Dalam ayat ini Allah melarang kita
untuk bakhil, tidak mau berinfak. Bagaimana kalau tidak mempunyai apa-apa,
apakah bisa bakhil? Rasulullah saw menjelaskan: Jauhilah
sifat tamak karena itu telah menghancurkan orang-orang sebelum kalian.

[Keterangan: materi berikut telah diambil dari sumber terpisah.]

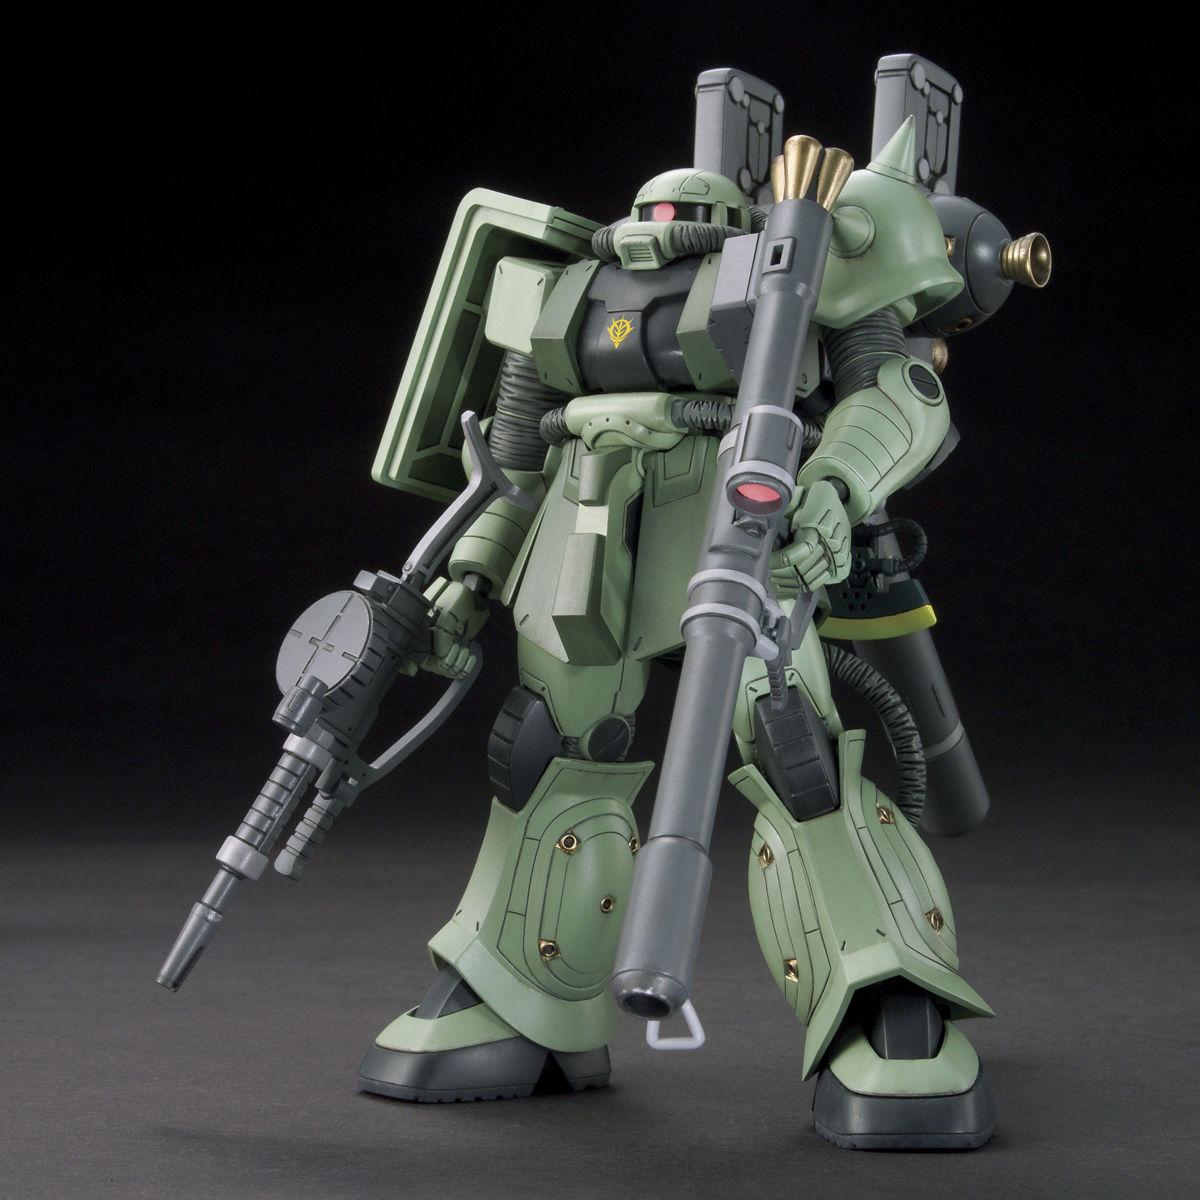 HGTB 1/144 MS-06 量産型ザク(ガンダム サンダーボルト版) [Zaku II (Thunderbolt Manga Ver.)]

Ketamakan meyebabkan orang memutuskan hubungan, menyuruh bakhil dan menyuruh
berbuat dosa (HR. Abu Dawud, Shahih al-Bani).
Penyakit bakhil
bukan penyakit baru, sudah merupakan penyakit orang terdahulu. Dan bakhil itu
merusak sistem kehidupan umat. Rasulullah saw menghendaki umat ini saling
menguatkan. Dan sudah dibuktikan oleh Rasulullah saw dan para sahabatnya.
Bakhil bukan hanya merusak pelakunya, tapi akan merusak sistem ekonomi.